### Deconstructing 2d6

Check this out. Just take a look. Come on.

2d6 | d66 |
---|---|

2 |
11 |

3 |
21, 12 |

4 |
31, 22, 13 |

5 |
41, 32, 23, 14 |

6 |
51, 42, 33, 24, 15 |

7 |
61, 52, 43, 34, 25, 16 |

8 |
62, 53, 44, 35, 26 |

9 |
63, 54, 45, 36 |

10 |
64, 55, 46 |

11 |
65, 56 |

12 |
66 |

Do you see it?

You can map the individual dice of a 2d6 roll onto a d66 table [1]. In other words, or for people who aren’t very familiar with d66, we know mathematically which permutations of the two dice will result in which total sums. One plus one is always two, and three plus four is always seven. This means that we can treat the set of possible permutations for each sum as its own table.
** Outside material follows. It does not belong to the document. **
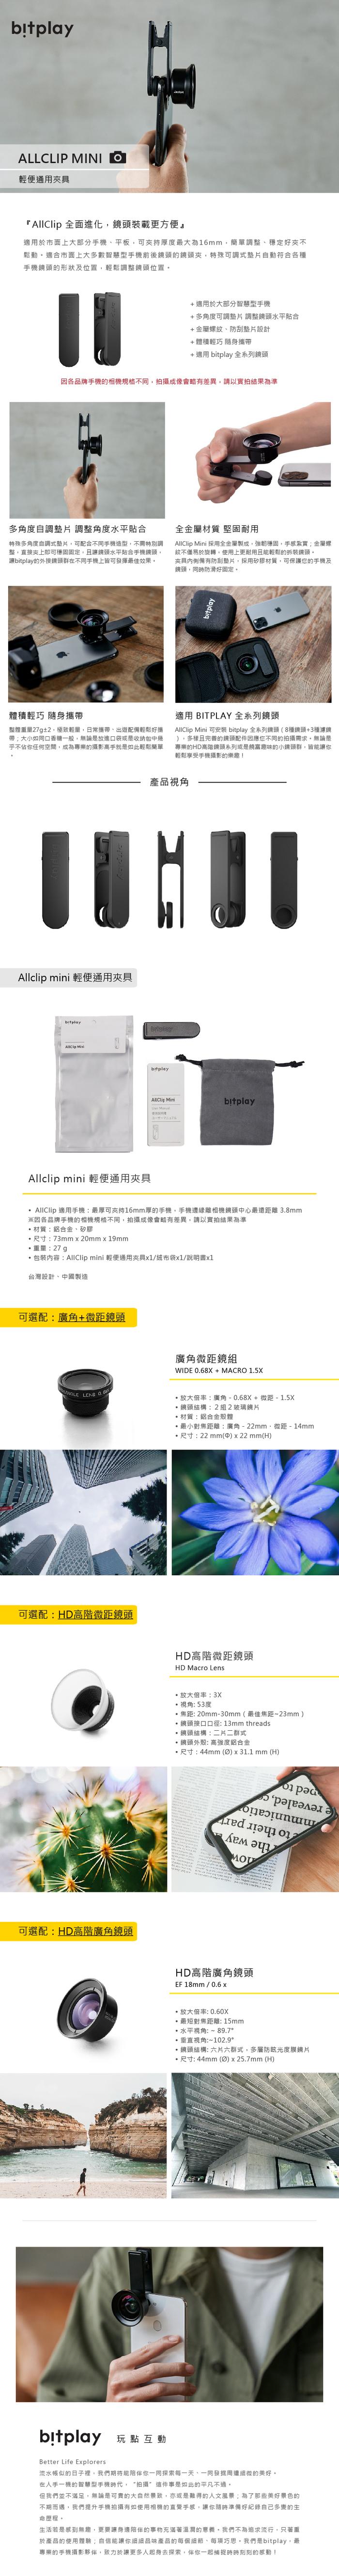 (複製)bitplay|AllClip Mini組合(+HD高階廣角+攜帶盒)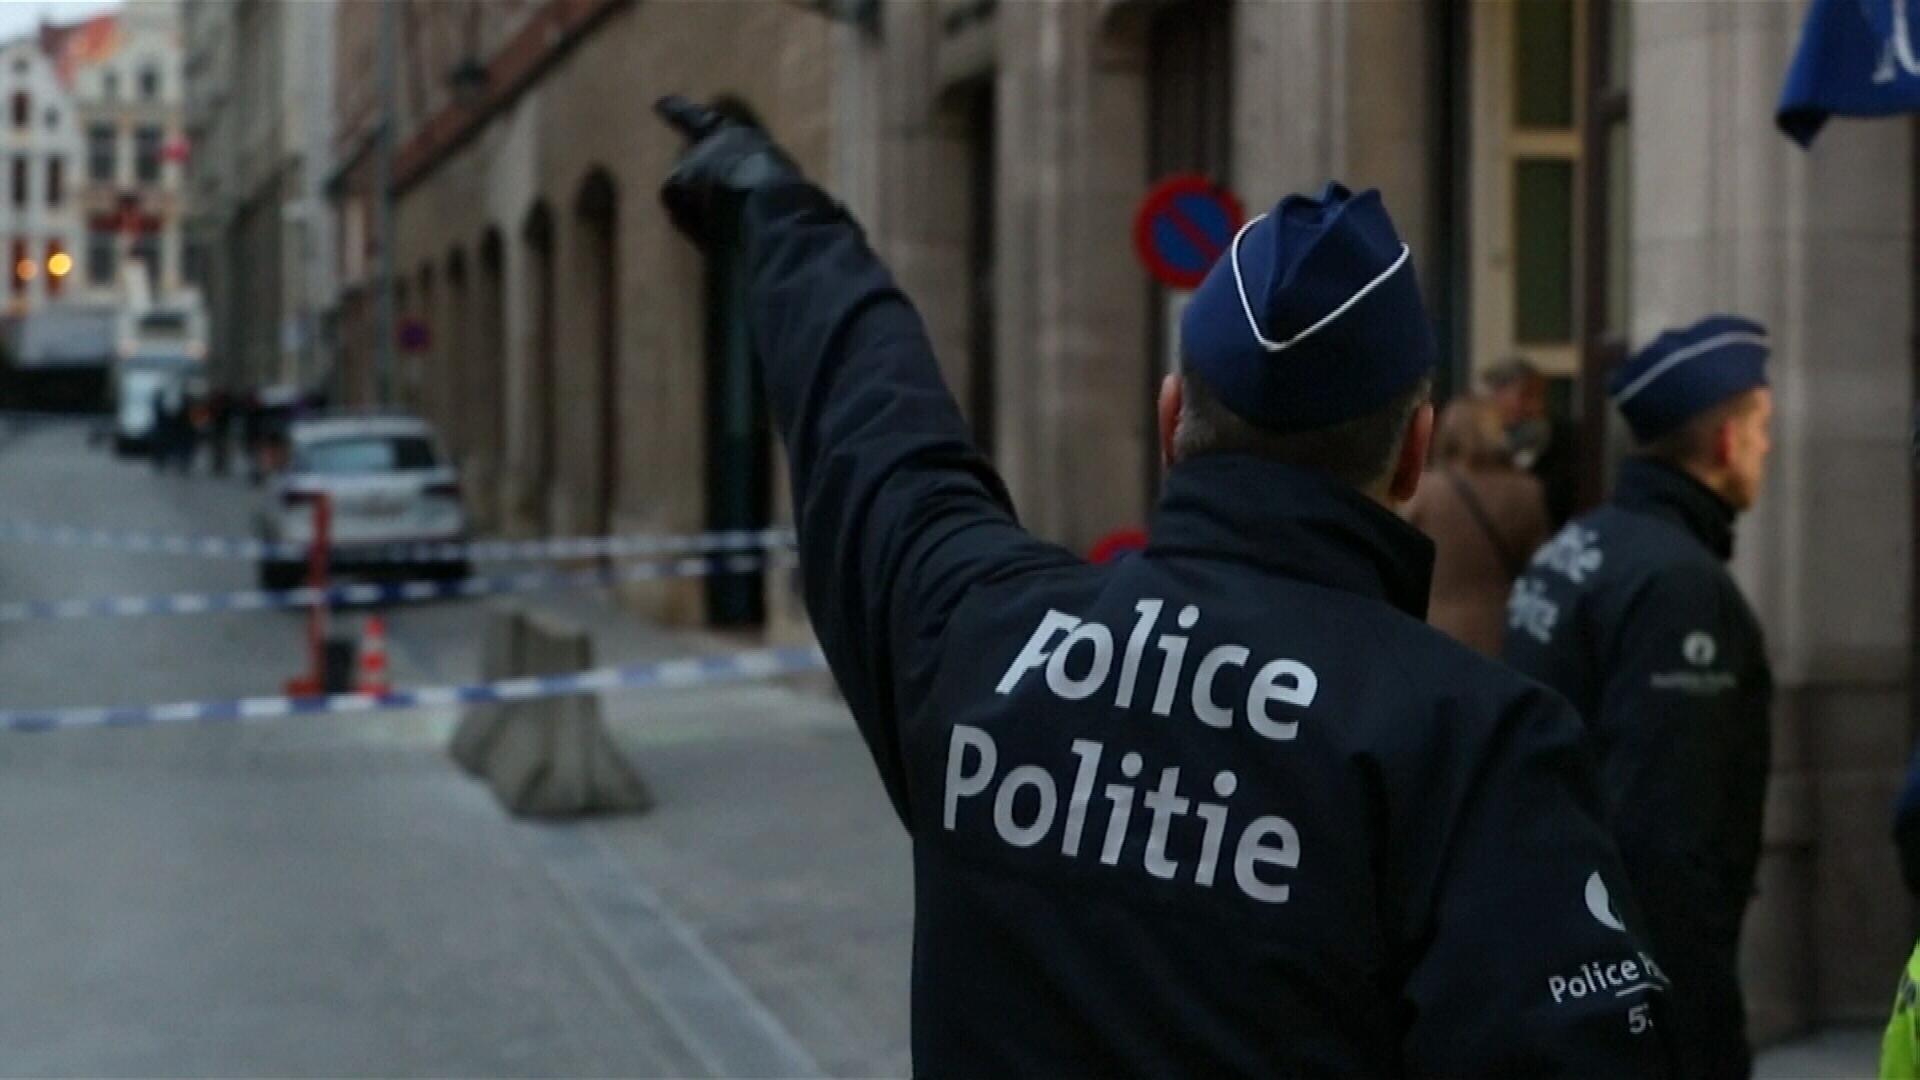 Belgian officer stabbed in the neck

This is most useful for sums which are most frequent. Obviously, you can’t use it for sums of 2 and 12 since they both only have one possible dice permutation (11 and 66 in the d66 format). However, sums of 5 and 9 each have four permutations, sums of 6 and 8 each have five permutations, and a sum of 7 has six permutations. Isn’t that handy!

The 7-sum is perhaps the most interesting; this is not just because it has six permutations, but because all numbers from 1-6 are used across the whole set. You can just pick one die as your ‘favorite’ and treat that die as the d6 roll when you roll a 7. For example, let’s say you have a white and a black die and your ‘favorite’ is the black one. When you roll a one and a six, you get a sum of 7; since you rolled a six on the black die, you also know to look at the entry for that index on your d6 table.

There are other tricks you can use. For example, odd sums always have an even number of permutations. This means that you can pick a favorite die again, and look at whether it is even or odd to make a binary decision. The even-numbered rolls always have the possibility of a double roll; for example, if you were looking at 10-sum, there is a one-third chance of rolling a 55.

That’s all. Maybe some of y’all will find this useful for something! The nice thing about it is that it’s not anything systematic, but it’s just a strategy you can use to quickly add some granularity to your typical 2d6 roll. I thought of this idea while reading Nick LS Whelan’s updated post about encounter tables [2], and realized that 7-sum would be a handy shortcut for a d6 table of recurring characters.

[1] d66 is analogous to d100 but with six-sided dice instead of ten-sided ones. You roll two dice and treat each one as a digit, rather than adding them up.

[2] Whelan, Nick L.S. 2022-07-22. "Structuring Encounter Tables, Amended & Restated", *Papers & Pencils*.